Достоевский не отказывается от характерных для русской литературы рефлектирующих героев гамлетовского типа. Для него главное, чтобы они при всех внутренних потрясениях и кризисных ситуациях, в которые ставит их жизнь, преодолели узость сугубо антропоцентрического мышления. Писателю невыносимо безбожие в человеке, и никакой высокий полет мысли и вызывающий всеобщее восхищение незаурядный разум не компенсируют непризнание бессмертия души. Неслучайно так гневно обрушивается писатель на роман И.С. Тургенева «Дым»: «Эту книгу, – заключает он, – надо сжечь рукою палача». Ему претят гордыня и самоуверенность выведенных там автором людей высшего типа, и он в данном случае вполне солидарен со своим вечным антагонистом Л.Н. Толстым, с неодобрением отозвавшемся о том же произведении, найдя, что в нем нет ни к чему почти любви. Вера для Достоевского – главная святыня. «Без высшей идеи, – провозглашает он, – не может существовать ни человек, ни нация. – Высшая идея на земле лишь одна и именно – идея о бессмертии души человеческой, ибо все остальные «высшие идеи» жизни, которыми может быть жив человек, лишь из нее одной вытекают» (24, 48). Не углубляясь в эсхатологическое измерение христианства, тем не менее есть смысл прояснить, что значит «быть во Христе», процитировав отрывок из эссе А. Кырлежева:
…говоря об эсхатологии, мы никак не можем удовлетвориться ни «горизонтальным» образом грядущего на облаках Христа, пришедшего второй раз, чтобы закончить историю, ни «вертикальным» образом Его мистического присутствия здесь и теперь, к которому нам лишь надо пробиться (что иногда представляют в образе благодати-энергии, которую нужно стяжать, то есть присвоить и усвоить). Эсхатология – событийна, потому что именно событие – эсхатологично. Быть «во Христе» – это значит уже оказаться в конце и при этом всегда быть в начале. Всегда пребывать в эсхатологическом ожидании («бодрствовать и трезвиться») и поэтому быть готовым идти от события к событию: от начала – к концу, которое становится новым началом. Говоря словами Алена Бадью, событие «принуждает нас решиться на новый способ быть». И возможно, лучший евангельски-христологический образ эсхатологического – это хождение Христа по водам… А лучший образ, подтверждающий нашу способность к эсхатологическому способу бытия, но одновременно указывающий на опасность выпадения из эсхатологического, – хождение по водам апостола Петра…[301]

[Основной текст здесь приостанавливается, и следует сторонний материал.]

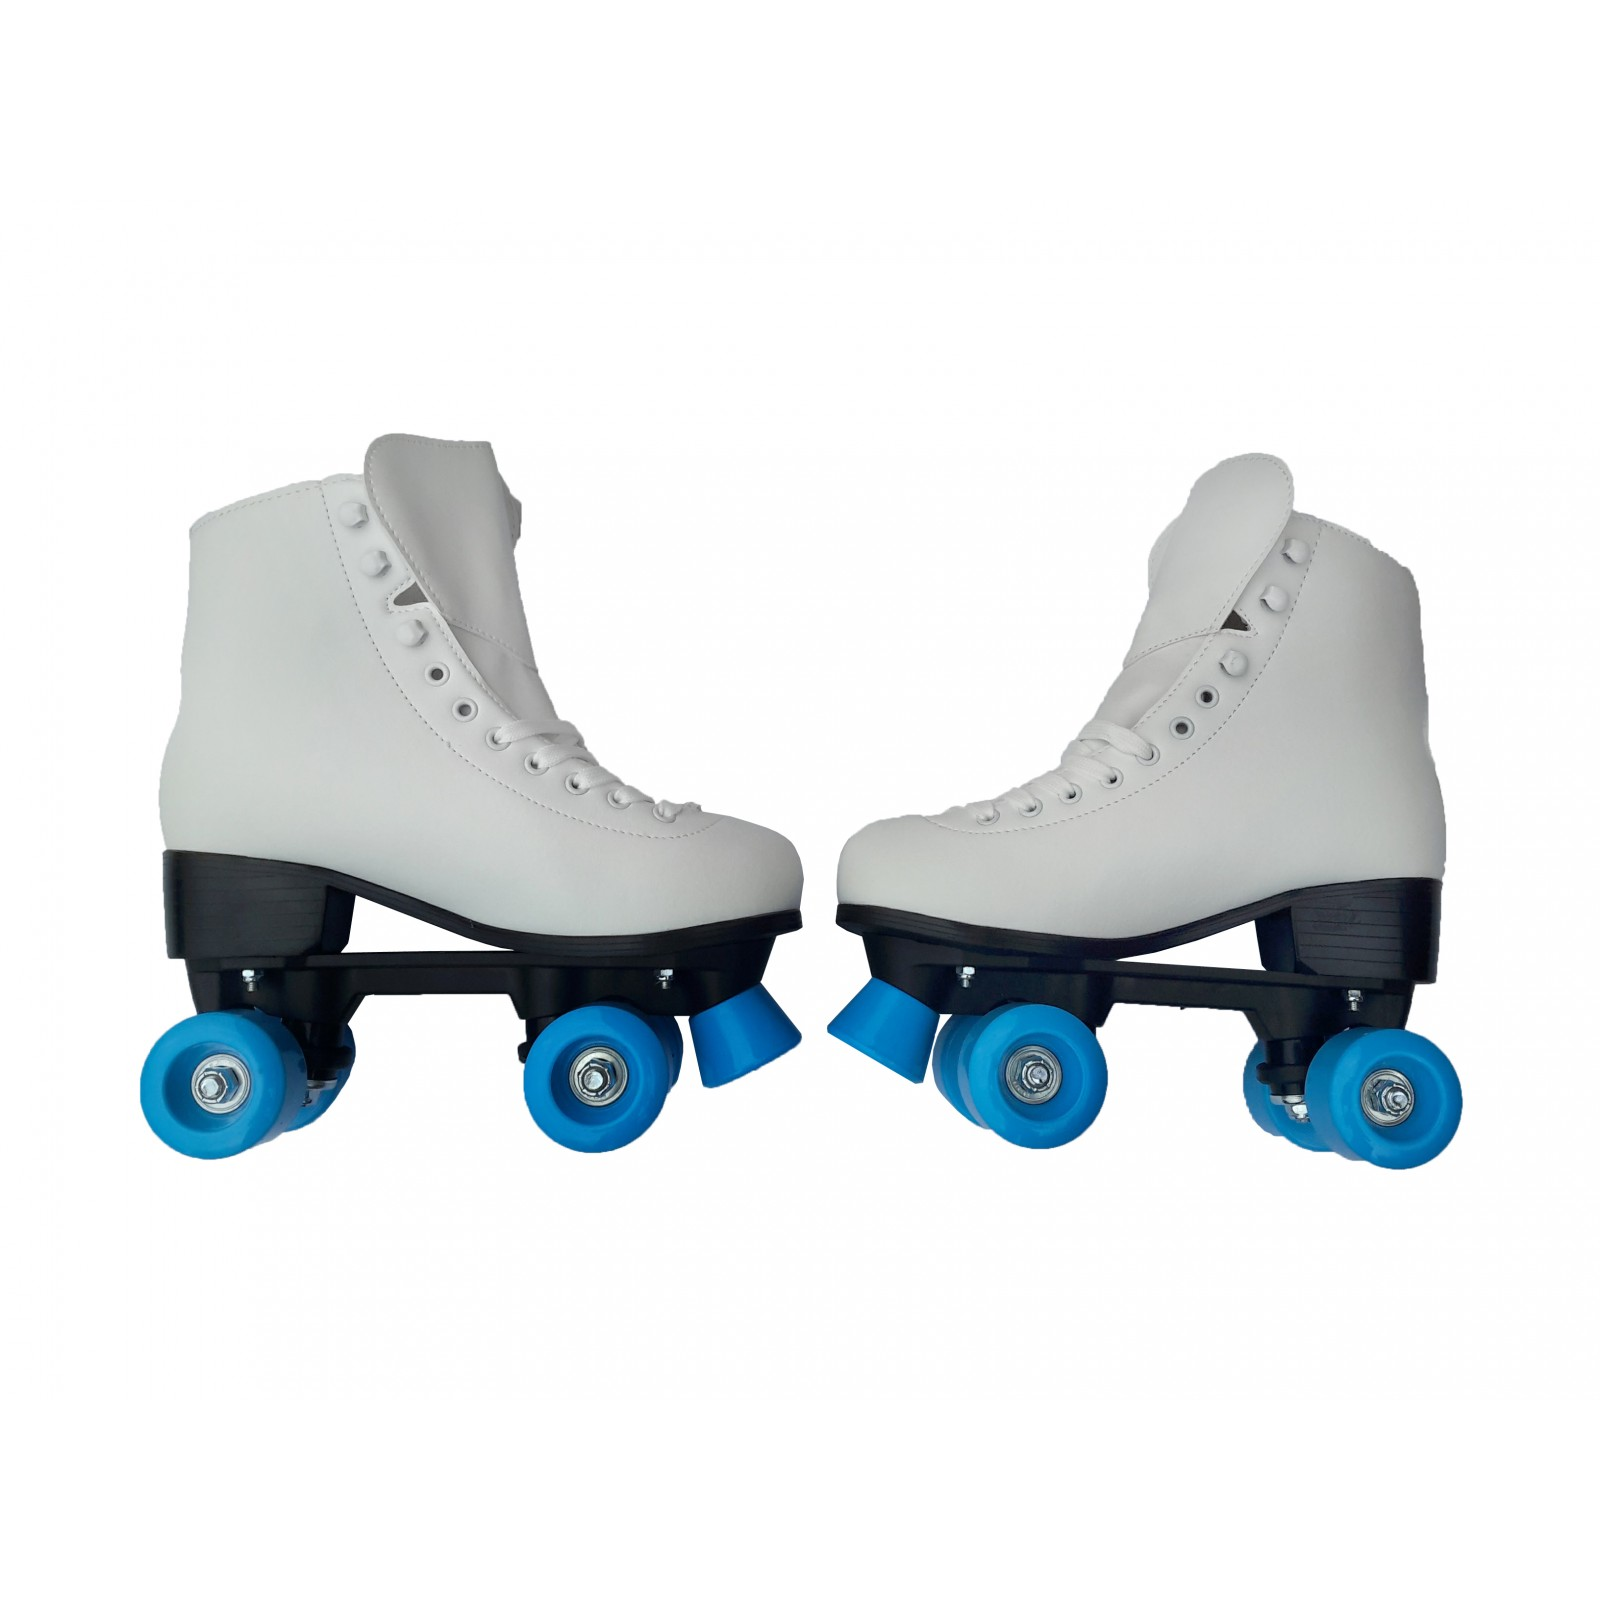 Patines Patin 4 Ruedas Llantas Blancos Roller Skate Artistic ...

При всей условности деления эсхатологии на горизонтальную (она проясняет отношения Бога и человека в истории народов) и вертикальную (она проясняет прямые связи между Богом и индивидом) она подводит к пониманию того, что наши чувства сами по себе никого не спасут. Не следует только страдать – надо действовать. И тут вступает в силу чудо молитвы, которая служит несущей духовный свет опорой.